Before using Ginott’s zones of discipline to establish limits. let’s step back and review what parents want for their children. Many blogs ago “Parents with Purpose“ enumerated several objectives that parents have for their children. Some of these desires are too general to be of practical use. For example, “to be happy, successful, and feel good about themselves“ need to be more specific about the behaviours that will cause these effects. And so the list of expectations gets longer, more specific and includes behaviours and attitudes such as:

  • to be a good person, or, more specifically, to have an awareness of what constitutes appropriate behaviour; to have a sense of right and wrong;
  • to be independent,
  • to always try to be the best they can be,
  • to be true to themselves, first,
  • to be reliable and responsible,
  • to be respectful of themselves and others,
  • to be loving, demonstrating a capacity for warmth and intimacy,
  • to never give up.

Stanley Greenspan, in Building Healthy Minds, Perseus Books, Cambridge, Mass., 1999 suggests that many parents and educators are searching for ways to “raise the bar“, or their expectations as well as their children’s. They are hoping to maximize their children’s potential, without undermining their emotional vitality and well-being. Limits must be stated in a manner that is deliberately calculated to minimize resentment, and to save self-respect.

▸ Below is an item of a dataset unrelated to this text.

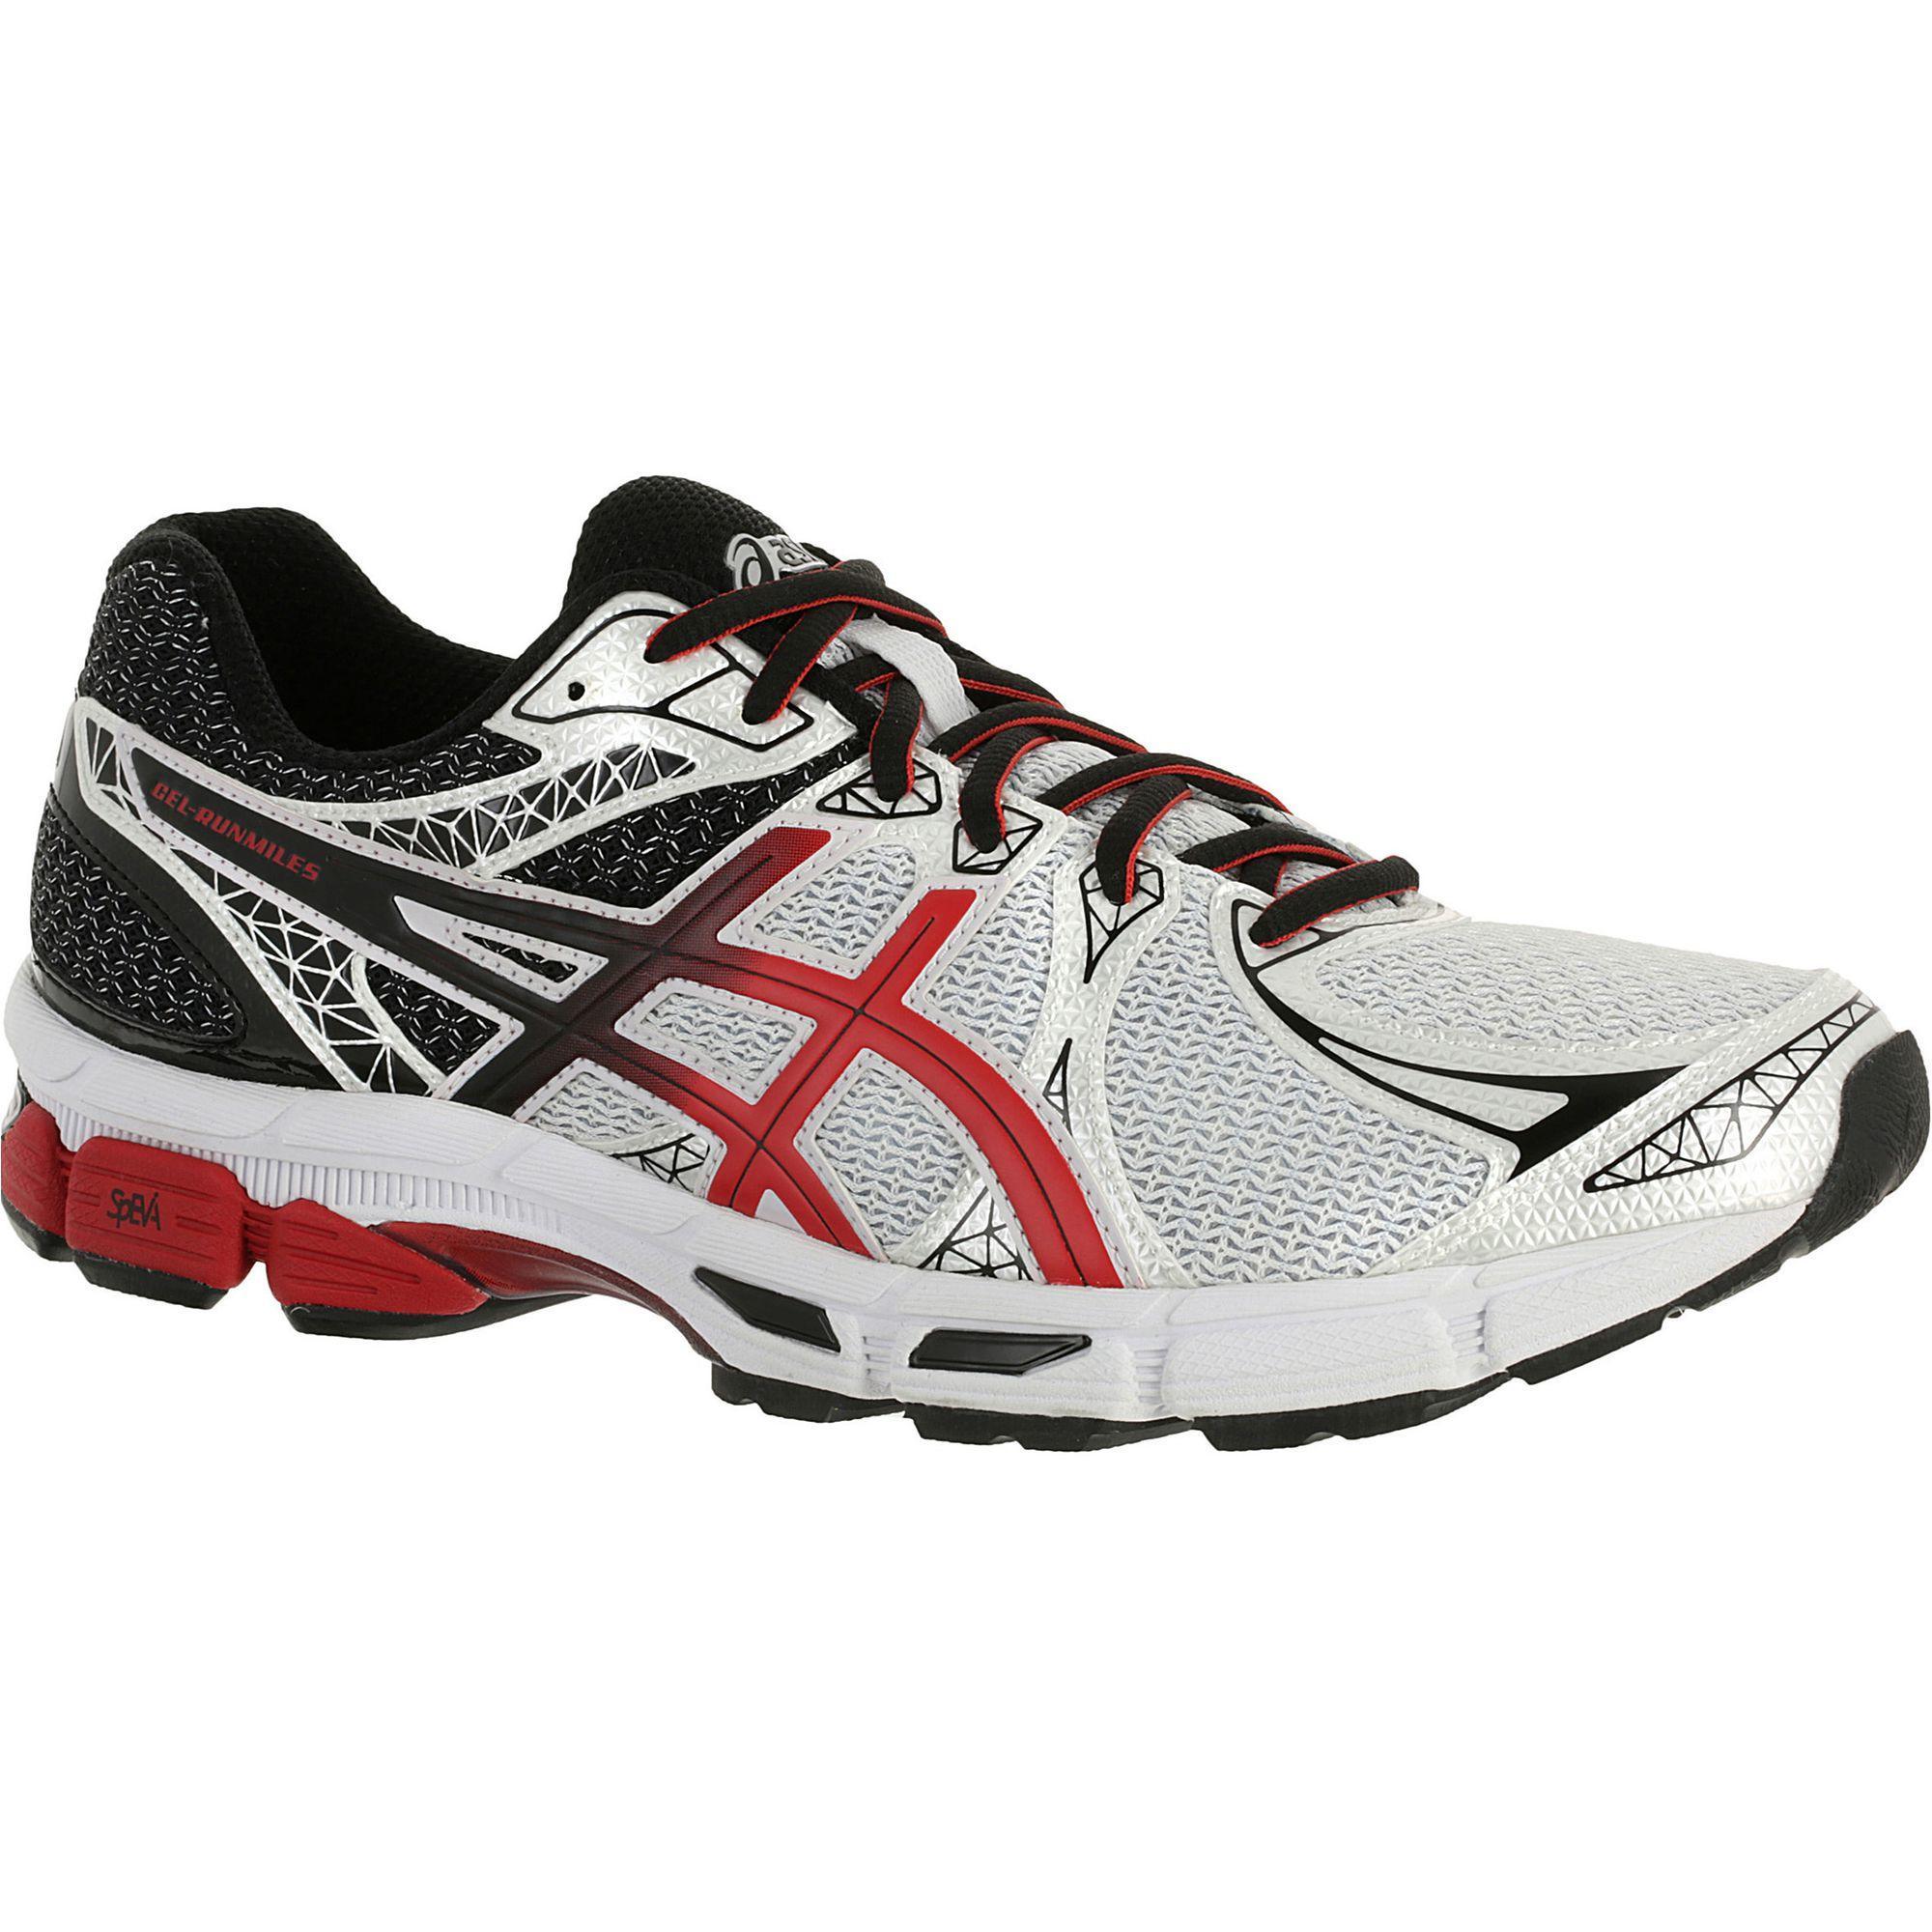 Men's road running shoes asics RUNMILES MEN GEL - Decathlon

Greenspan introduces additional items for our list, such as hoping that our children will:

  • become able learners who can master academic challenges,
    become curious about the world,
  • enjoy many rich and rewarding relationships,
  • be able to make wise judgements in unfamiliar situations.
  • be flexible, and
  • be creative.

Each new expert or author includes more new characteristics or traits that are desirable and admirable in our children. Consider the following quote from Martin E. P. Seligman, The Optimistic Child, Houghton Mifflin, New York, 1996

“We need more for our children than healthy bodies. We want our children to have lives filled with friendship and love and high deeds. We want them to be eager to learn and to be willing to confront challenges. We want our children to be grateful for what they receive from us, and to be proud of their own accomplishments. We want them to grow up with confidence in the future, a love of adventure, a sense of justice, an courage enough to act on that sense of justice. We want them to be resilient in the face of setbacks and failures that growing up always brings.”

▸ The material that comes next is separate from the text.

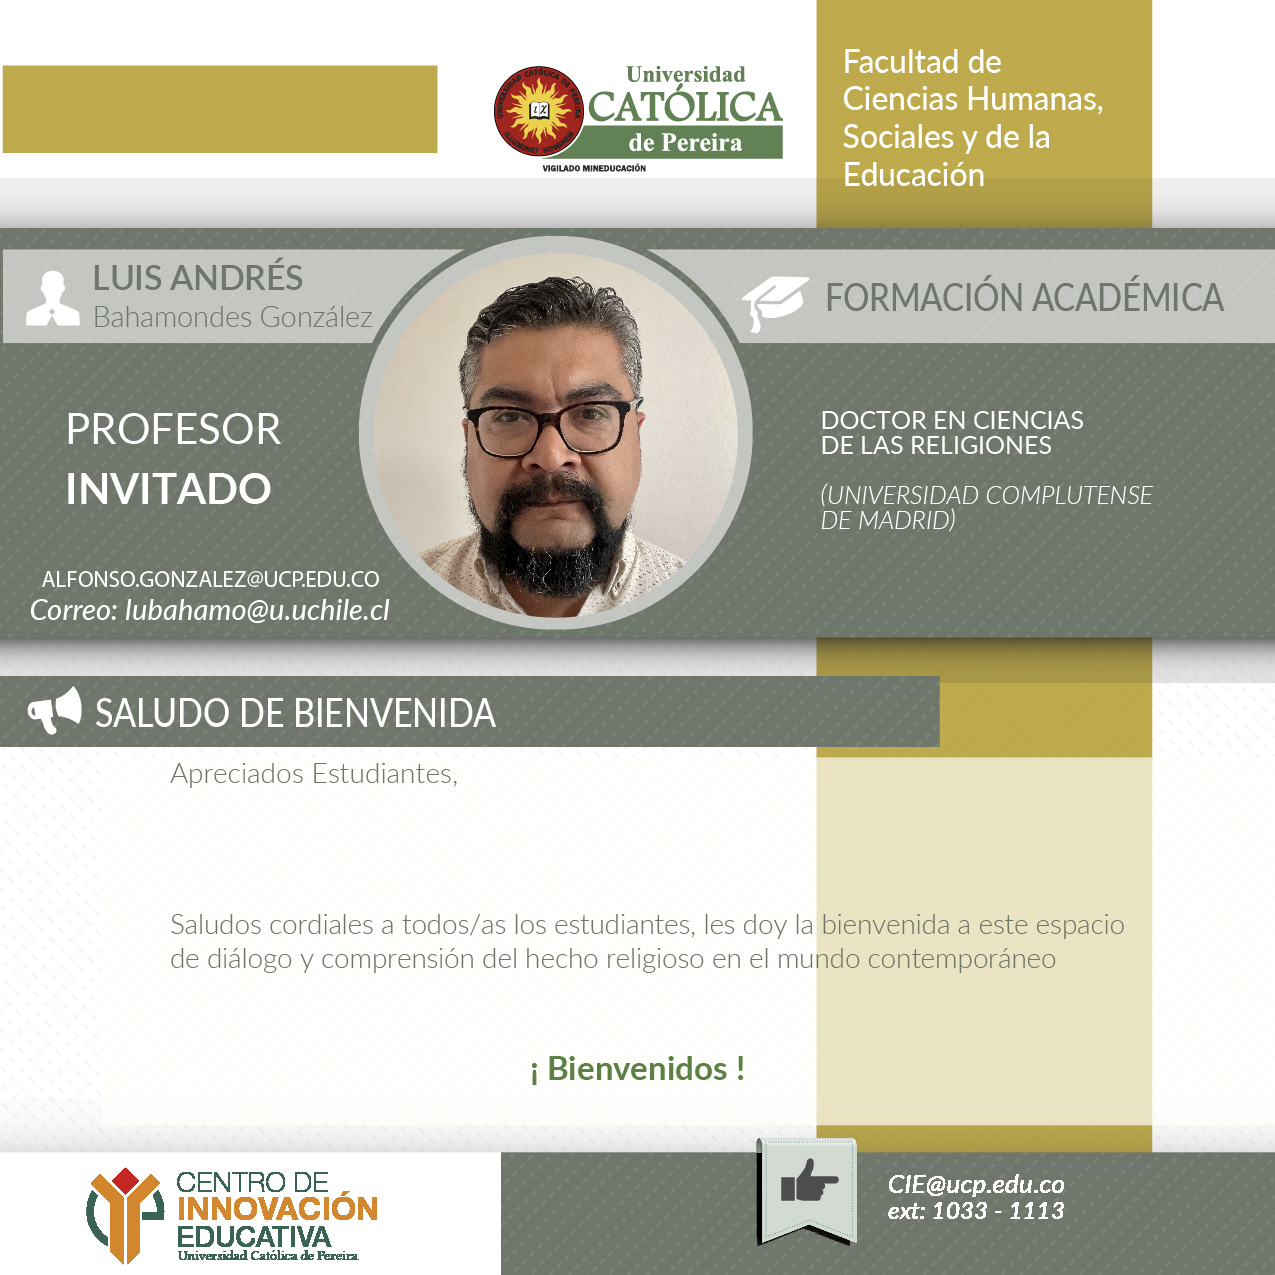 Profesor invitado

Seligman new items are that our children should be:


  • grateful,
  • just,
  • courageous, and
  • resilient.

Is there no end to the laundry list of desirable and admirable behaviour? Maybe not, since humanity is unbelievably complex.


So what are parents to do? We need to simplify the complexity. This long list of behaviours, attitudes, and qualities can be simply called “character”. The first step is to recognize that, as parents, our role with our children is to help develop their “character“.